Toast pecan halves in small baking pan at 350 degrees f. for 6 - 8 min. cool. Reserve 12 pecan halves and coarsely chop remaining to equal about 3 Tbsp. Chop 3 Dates (using a wet knife) to equal about 1/3 cup. In medium bowl, mash banana with lemon juice and cinnamon. Stir in chopped nuts and dates and softened yogurt. Cover and quickly return to freezer; freeze until firm. To serve, scoop frozen yogurt mixture into 4 dessert glasses and garnish each with 3 pecan halves and 2 to 3 date halves. Garnish with fresh mint leaves Makes 4 servings.

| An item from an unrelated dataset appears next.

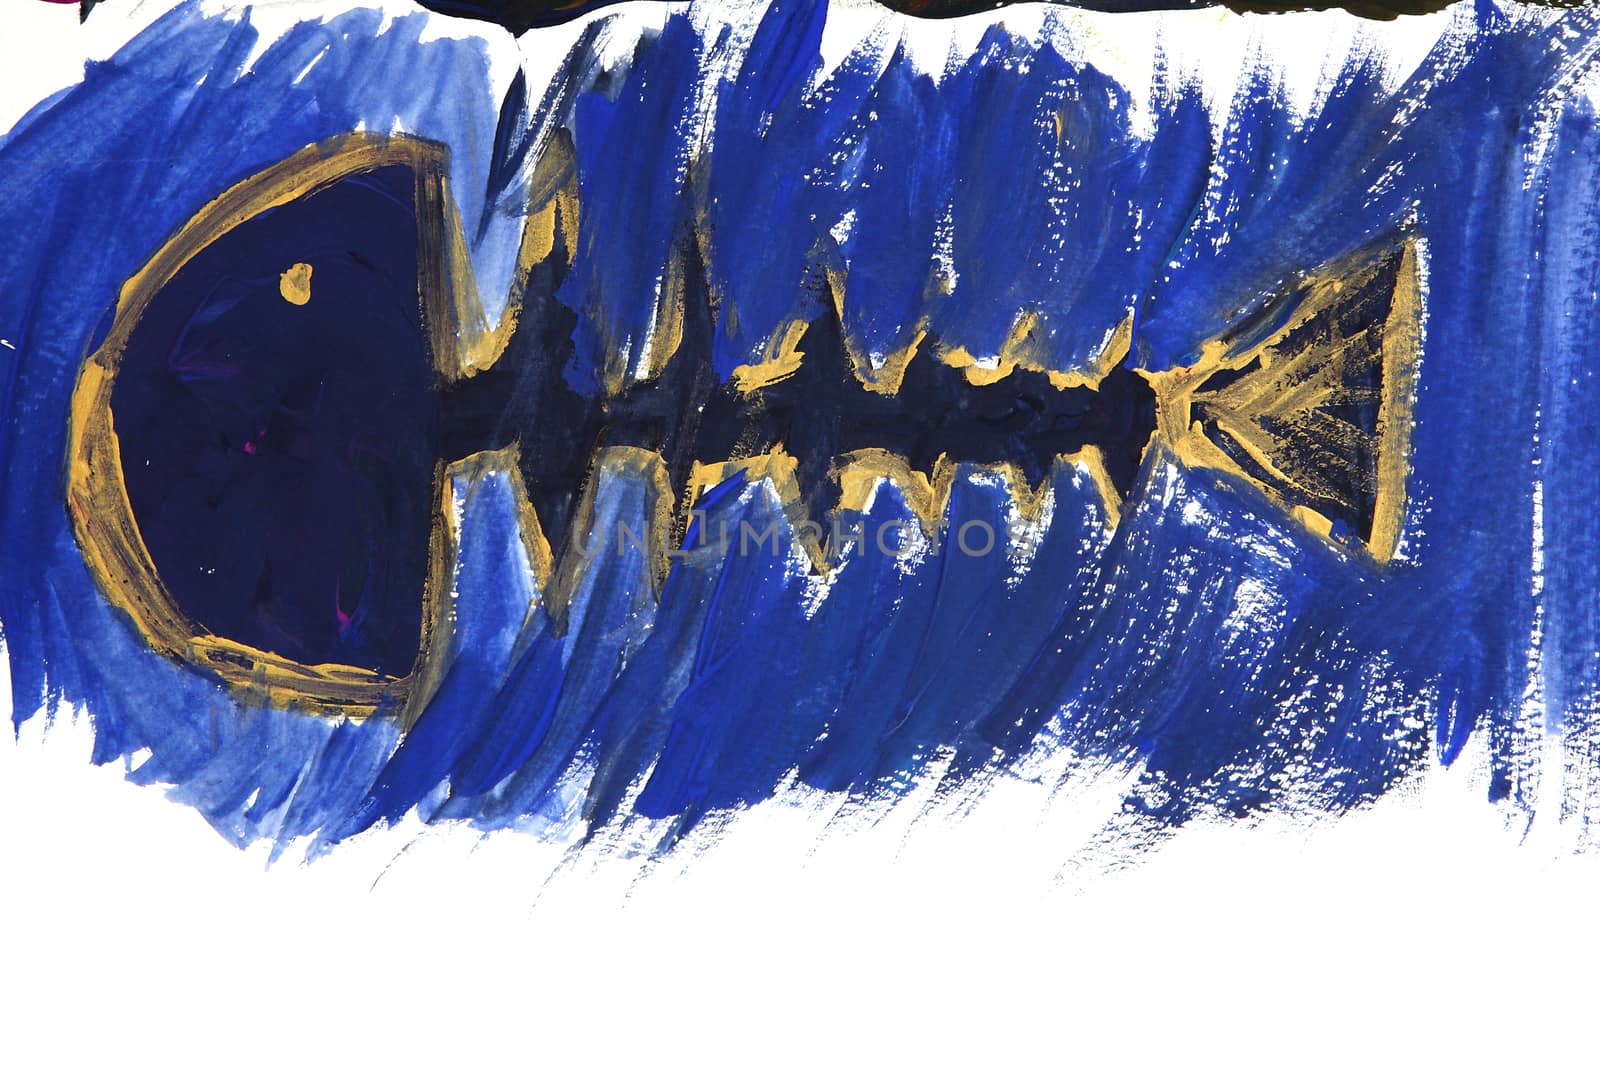 Abstract watercolor fish by piyato

MEDJOOL DATE OATMEAL COOKIES
1 Cup Butter or margarine\ 1 Cup Brown Sugar, firmly packed \ 1 Cup Granulated sugar\ 1 Tsp. Vanilla\ 2 Eggs\ 1 Cup chopped Medjool Dates\ 1 1/2 Cup Sifted All - Purpose Flour\ 1 Tsp. Salt\ 1 Tsp. Baking Soda \ 1/2 Tsp. Cinnamon \ 1/2 Tsp. Nutmeg \ 1/2 Tsp. Ground Cloves \ 3 Cups of Rolled Oats

Cream butter or margarine and sugars until fluffy. Stir in vanilla. Add eggs one at a time, beating well after each addition. Stir flour, salt, soda and spices together. Add to the mixture and mix well. Stir in oatmeal and Medjool Dates. Drop by teaspoonful about 2 inches apart on well-greased cookie sheet. Bake at 350 degrees 10-15 minutes. Let cool a few minutes before removing from the baking sheet.

BIG PARTY CHICKEN SALAD
Here's a 24-serving salad for your next big "do" for the club...
hearty enough for men and pretty enough for women!

DRESSING:
8 Cups (2 qts.) Cubed, Cooked Chicken\ 2 Cups Water Chestnuts, Sliced\ 3 Cups Pineapple Chunks\ 2 Cups Seedless Grapes\ 2 Cups Diced Celery \ 2 Cups Diced Medjool Dates\ 2 Cups Sliced Nuts \ 2 1/2 Cup Chicken Broth\ 1 Tsp. Curry Powder (or more to taste)\ 2 Tsp. Soy Sauce

Mix just enough to blend. Combine the chilled ingredients with enough dressing to moisten. Serve in crisp lettuce cups.